**TASK BRIEF:**
Although the data below contains pictures, output only the lines between those holding "Drug rehab and" and "Side Table, Oak", inclusive, exactly and without those pictures.

**INFORMATION SUPPLIED:**

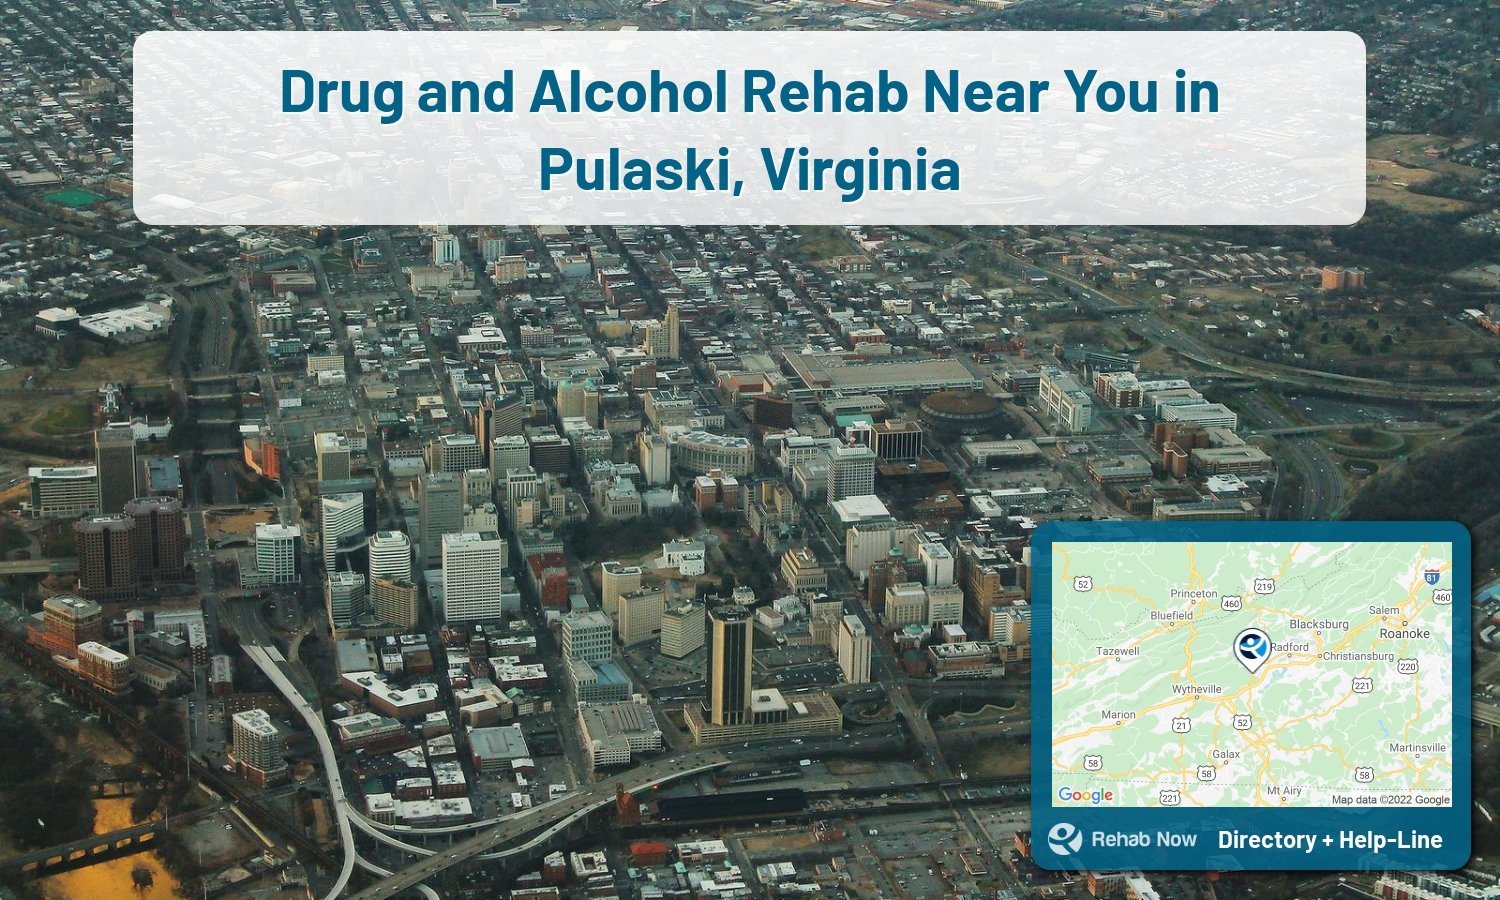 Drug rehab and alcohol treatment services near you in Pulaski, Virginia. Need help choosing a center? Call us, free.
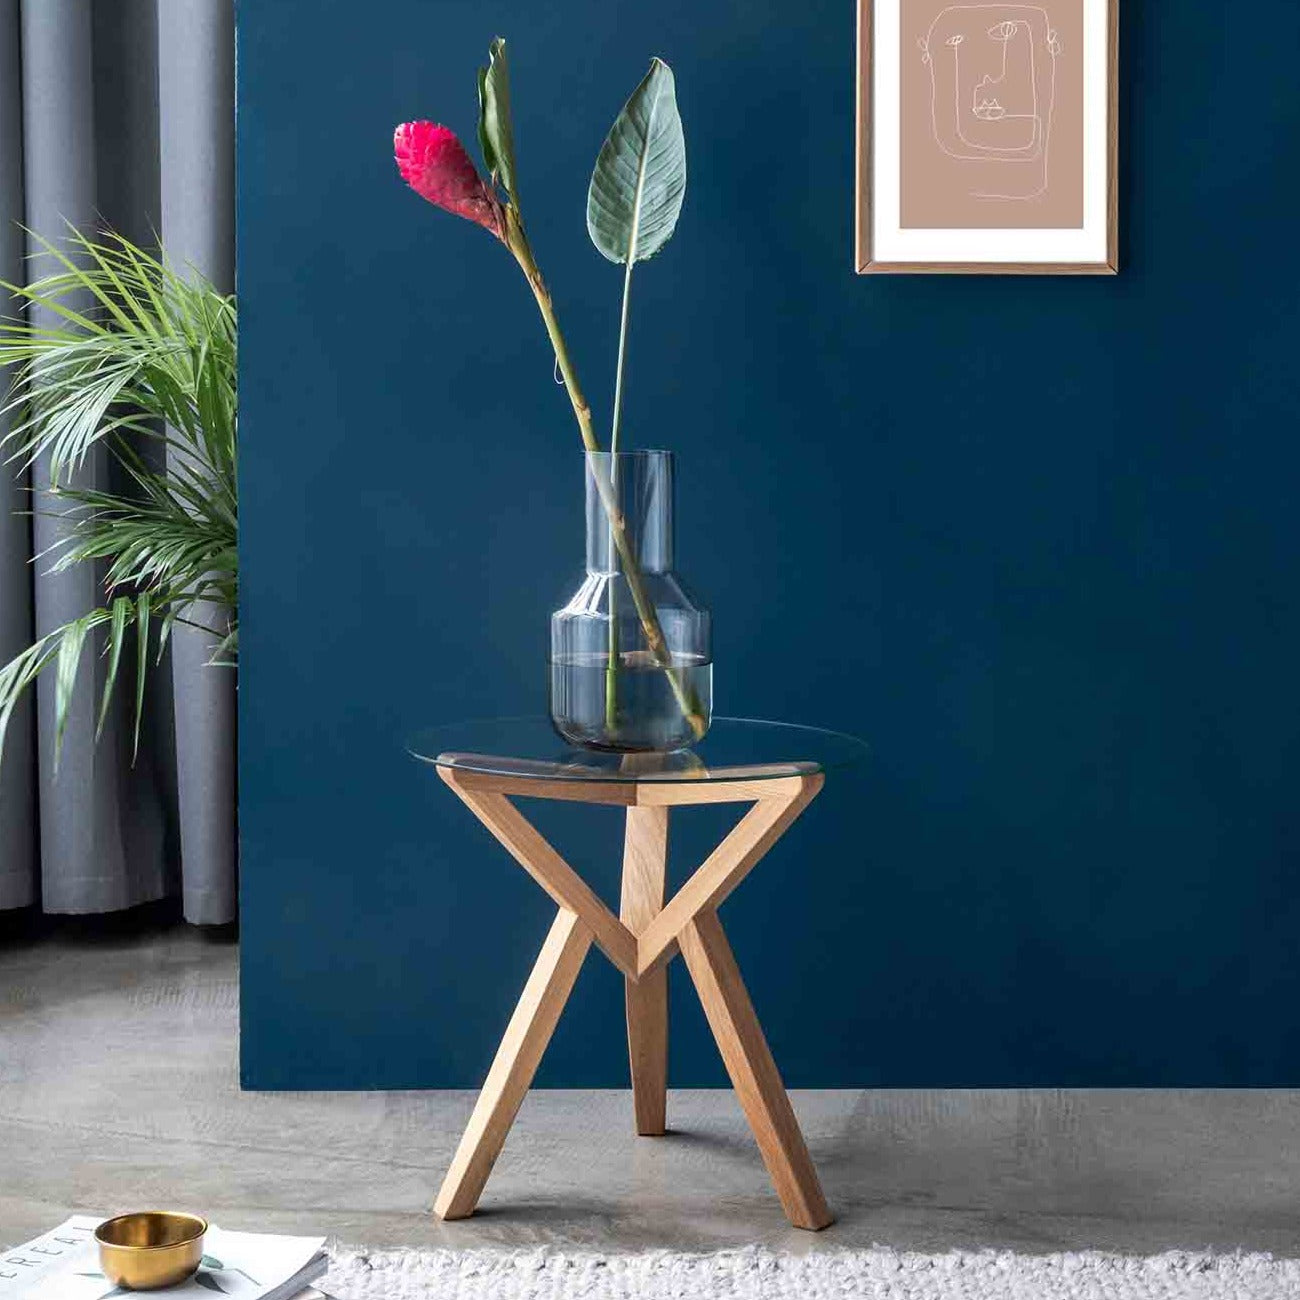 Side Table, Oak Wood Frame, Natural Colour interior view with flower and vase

...

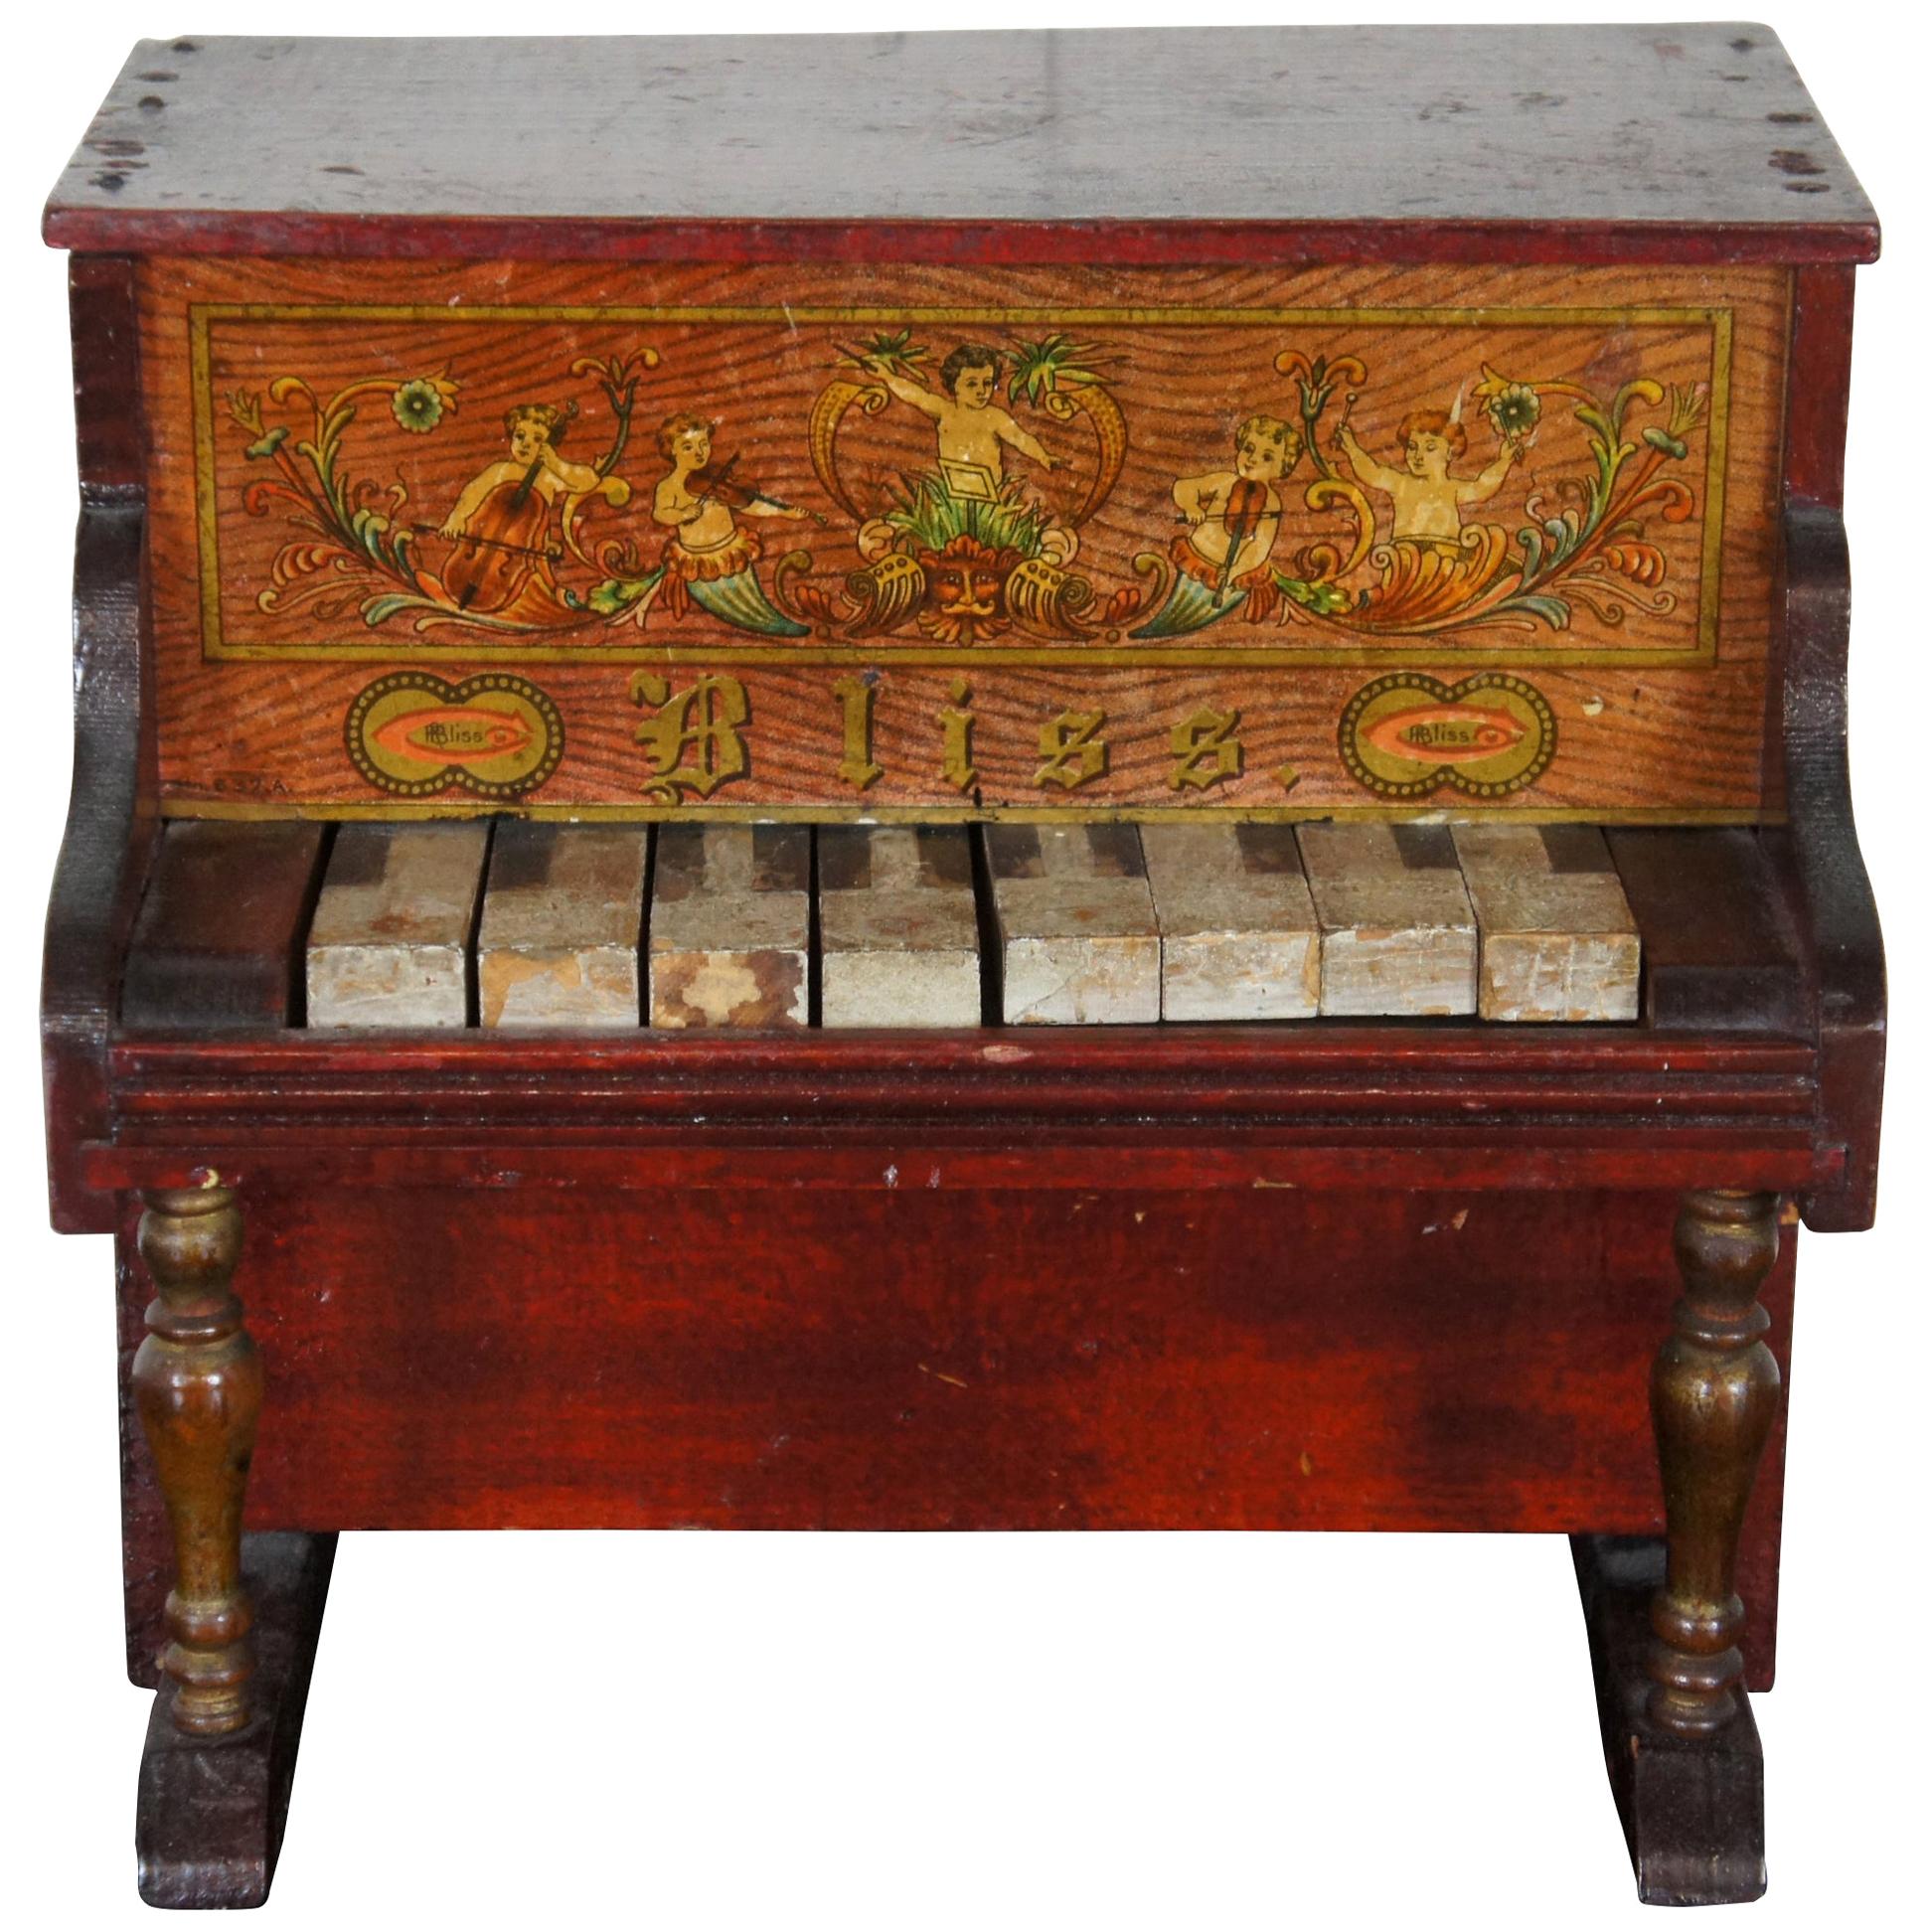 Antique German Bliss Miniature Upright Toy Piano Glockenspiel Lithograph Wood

* * *

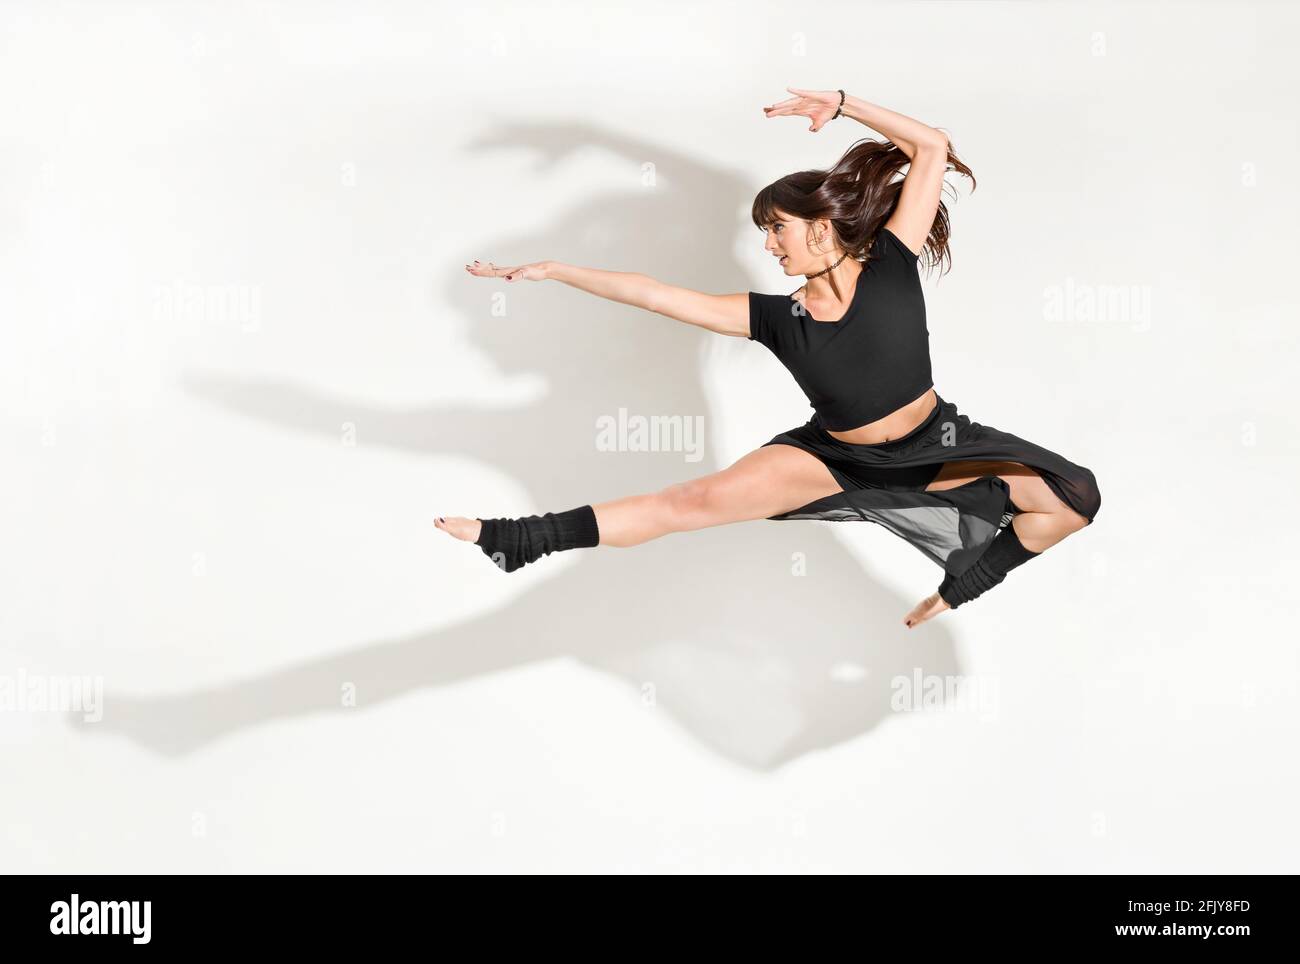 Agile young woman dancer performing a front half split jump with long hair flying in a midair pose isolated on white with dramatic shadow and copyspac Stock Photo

**ANSWER SPACE:**
 Drug rehab and alcohol treatment services near you in Pulaski, Virginia. Need help choosing a center? Call us, free.
 Side Table, Oak Wood Frame, Natural Colour interior view with flower and vase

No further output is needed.